Blogger P'tit-Loup said...

Those films sound great and I really enjoyed the story on the Student Agency! Unfortunately the films only come in a format that I don't believe my DVD player can use. I hear the weather is particularly cold in Praha these days! Stay warm!

January 29, 2006 5:31 AM  
Blogger Karla said...

I doubt you can play the films on your American DVD player, but you should be able to play them on a computer. I did a little research on this and there are two issues involved: first is which part of the world the DVD is zoned for (Czech videos vary somewhat on this), while the second is that American and European TV screens are different, so that even if you have the correct zone, there's a screen problem.
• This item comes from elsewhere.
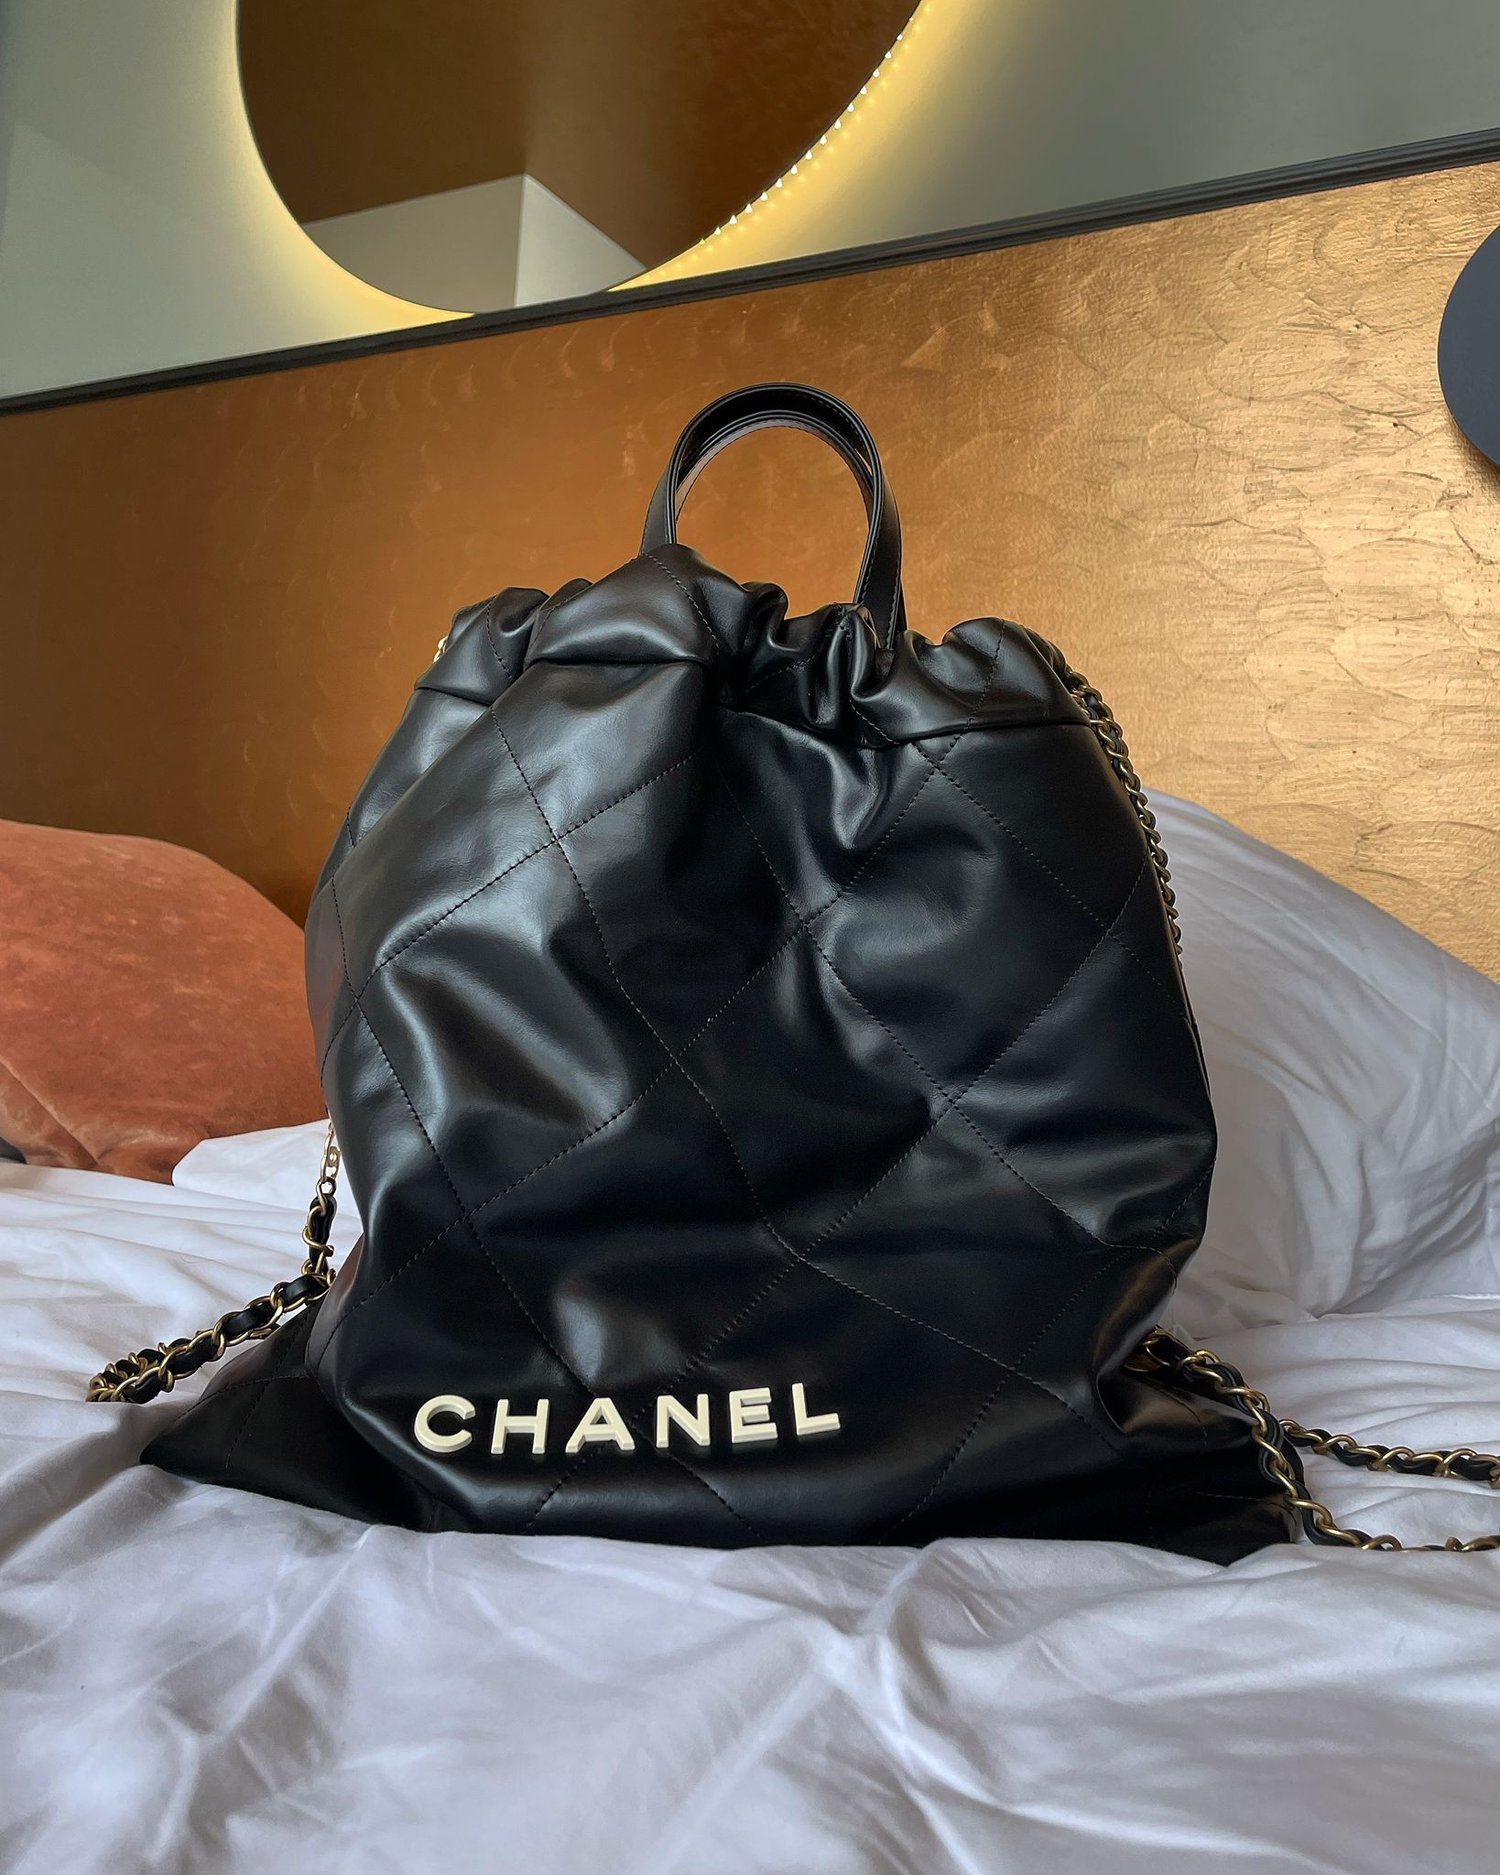 Chanel: Hands On With the New 22 Bag — Parisian Sweet

I play Czech DVDs on my laptop with no problems in either respect. We have actually managed to get five people watching the laptop at once, although I don't suppose everyone got an equally good image.
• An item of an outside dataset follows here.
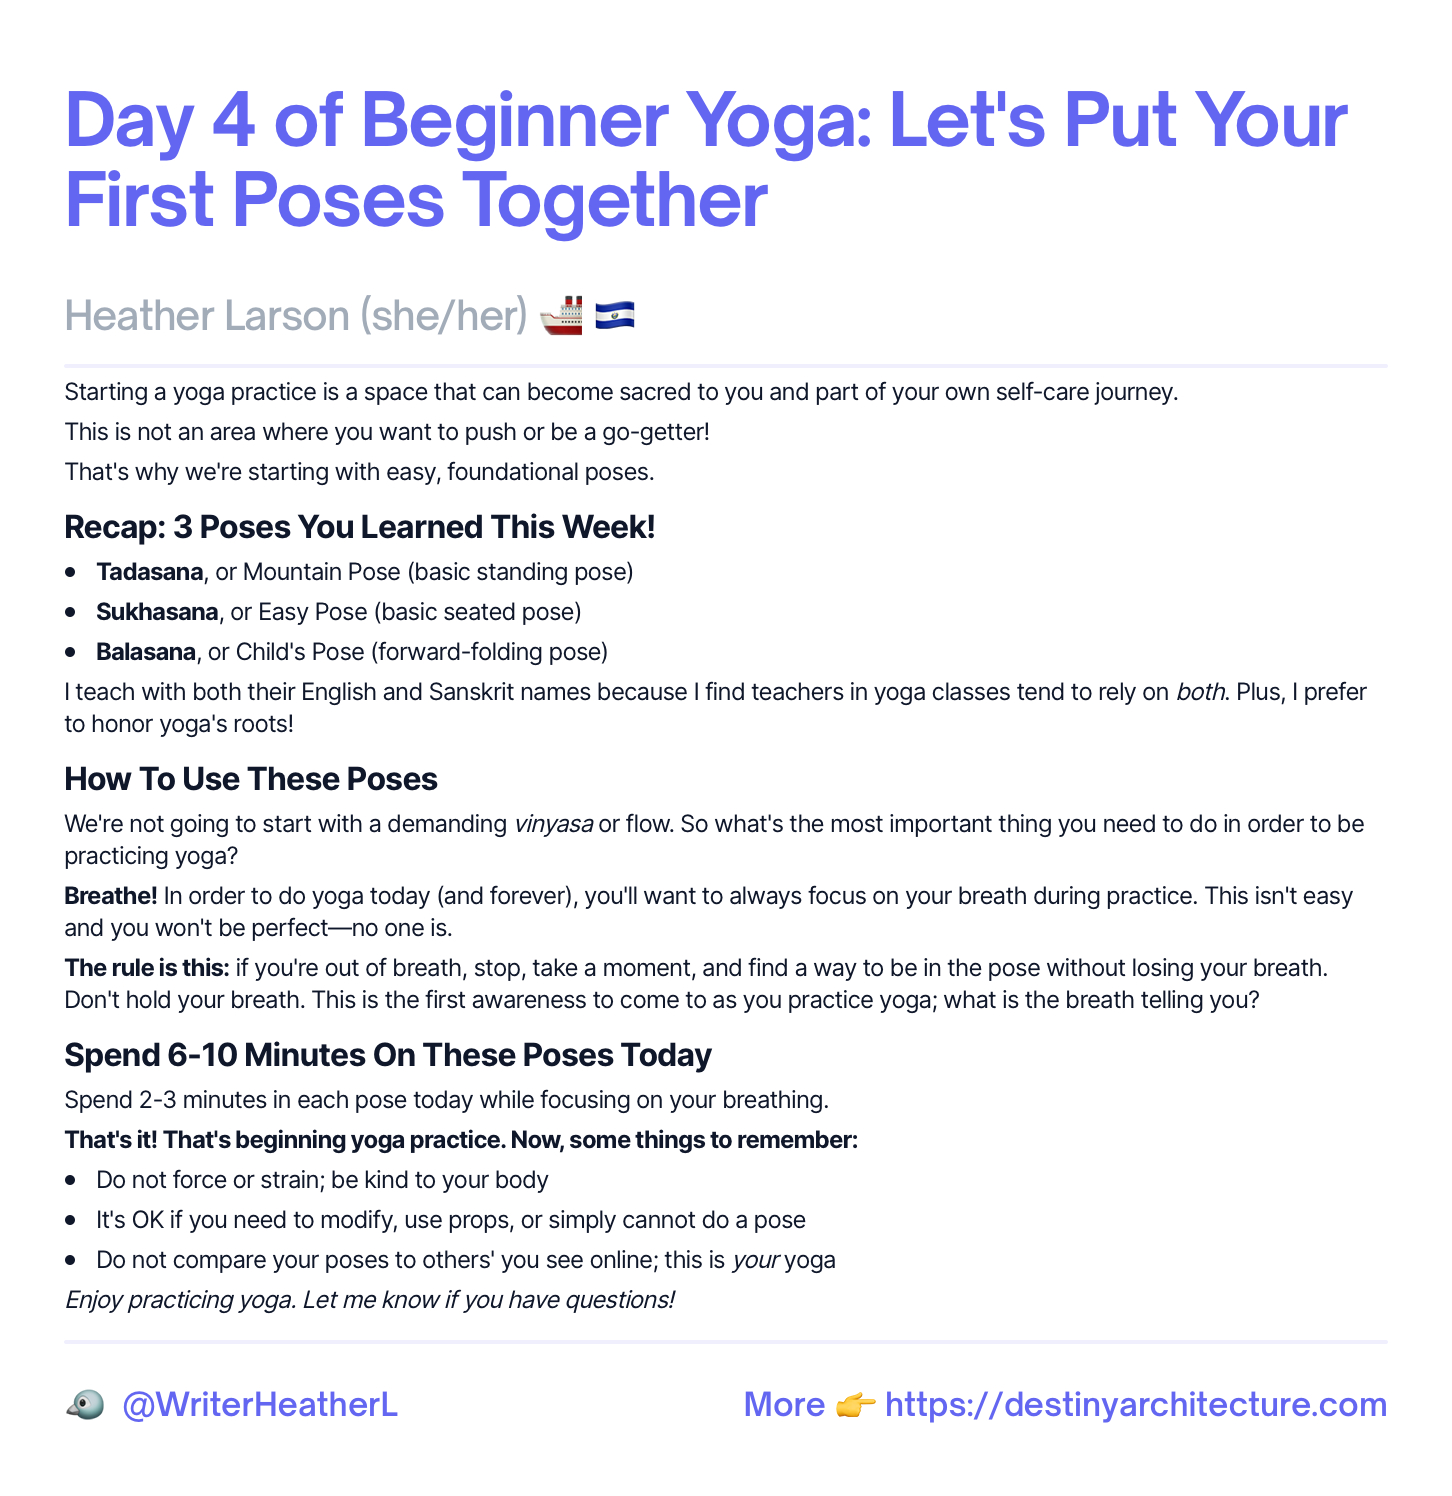 Day 4 Beginner Yoga: Safety & How To Practice

January 29, 2006 11:41 AM  
Blogger P'tit-Loup said...

Ah! Finally the light bulb goes on in my mind! This must be why I have had some issues with a dvd that a friend from Svitavy gave me. It plays fine on the computer, but not on the tv, and I have not been able to upload it on my computer, probably for the same reason. Thanks for letting me clarify that. I do watch some films on my computer already when my hubby wants to watch something else on the tube, so I certainly can do that.

January 30, 2006 1:24 AM  
Blogger Karla said...

There are also DVD players that will play European, but that means getting a second one and I don't know how common they are in the US (though I know they're available). I don't know if there are dual machines.